For the rest, most of the novel is shown from Antonia’s point of view (‘Mrs Fleming’ as she is reduced to being called in the later part of her marriage) and she is presented usually in terms of her relationship to a man. Her beauty, her clothes, her jewellery, her gestures, are all very closely observed, as if she were an object. She is the sort of person who looks lovely even when she is tired or crying. Someone asks her what she does and she tries to explain that she doesn’t look after the children, she doesn’t cook:
‘I do the arranging of it. There is a lot of arranging, you know. I read, and look at pictures, and garden, and listen to music – and Conrad minds awfully about clothes so I spend a certain amount of time on them – [...] I suppose I’m a sort of scene-shifter for Conrad,’ she finished. ‘He likes an elaborate setting, and he likes it to vary. I try to do that for him.’
She has schooled herself to please men, particularly her husband, and attached her self-worth to succeeding in this, but it is at a cost to herself. Certainly the crushing of her spirit began long before Conrad entered her life, and the final section of the book, 1926, is powerful. Despite this, by the time I finished the novel I hoped that her divorce might finally free Antonia.
We also dip into Conrad’s perspective. This works well because not only does it prevent him from being a monster, we also see how reasonable, charming, restless and clever he is, how attractive that can be, and how that masks his total selfishness and contempt for women. We experience him as Antonia might have done, the surprise when he turns.
(Elizabeth Jane Howard and her first husband, Peter Scott; found here)

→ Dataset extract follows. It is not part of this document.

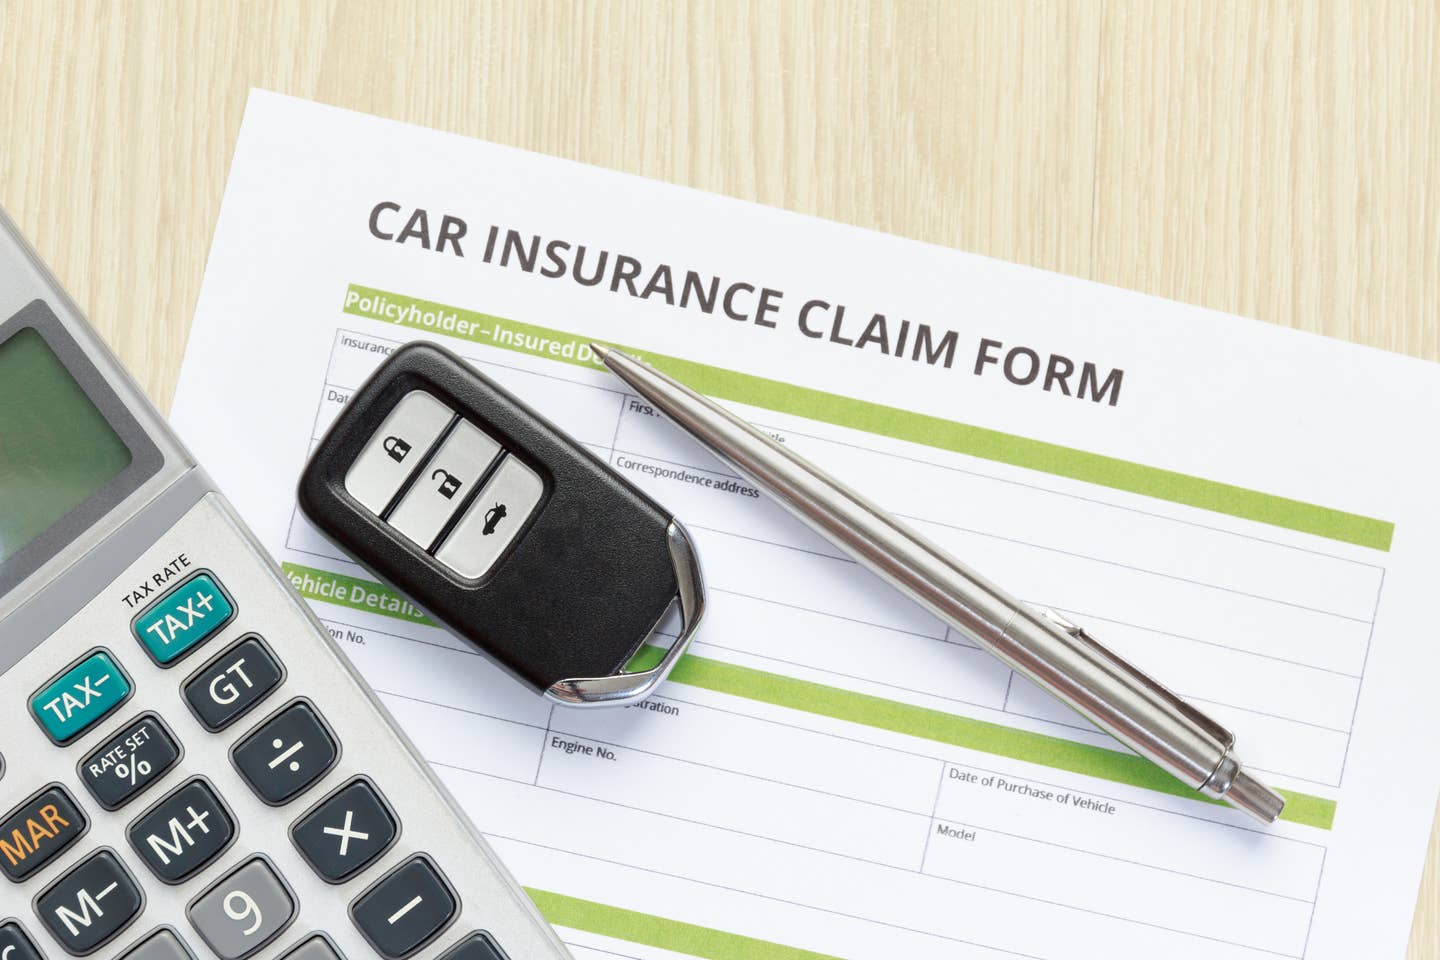 A car insurance claims form

What I loved about this novel was EJH’s skill in describing the world as her characters see it, every word perfectly chosen. Plunged into the middle of this complex relationship as the reader is, the minute level of detail in which it’s chronicled makes it feel claustrophobic. EJH expertly delineates mood and emotion, and the constant shifts in them, in a way that seemed truthful and pinpoint accurate, and is always coolly observed. She shows someone absorbing pain and damage over years, feeling exquisitely differentiated degrees of shame, guilt, humiliation, someone who lives emotionally on the brink at all times, trying to provide that ‘elaborate setting’ and fearing the smallest slip.
So, yes, I shall be reading more of her work in the future... And yes, I did experience a soupçon of Jo Bettany Syndrome, but not much and this time it didn’t bother me, perhaps I am becoming a better person.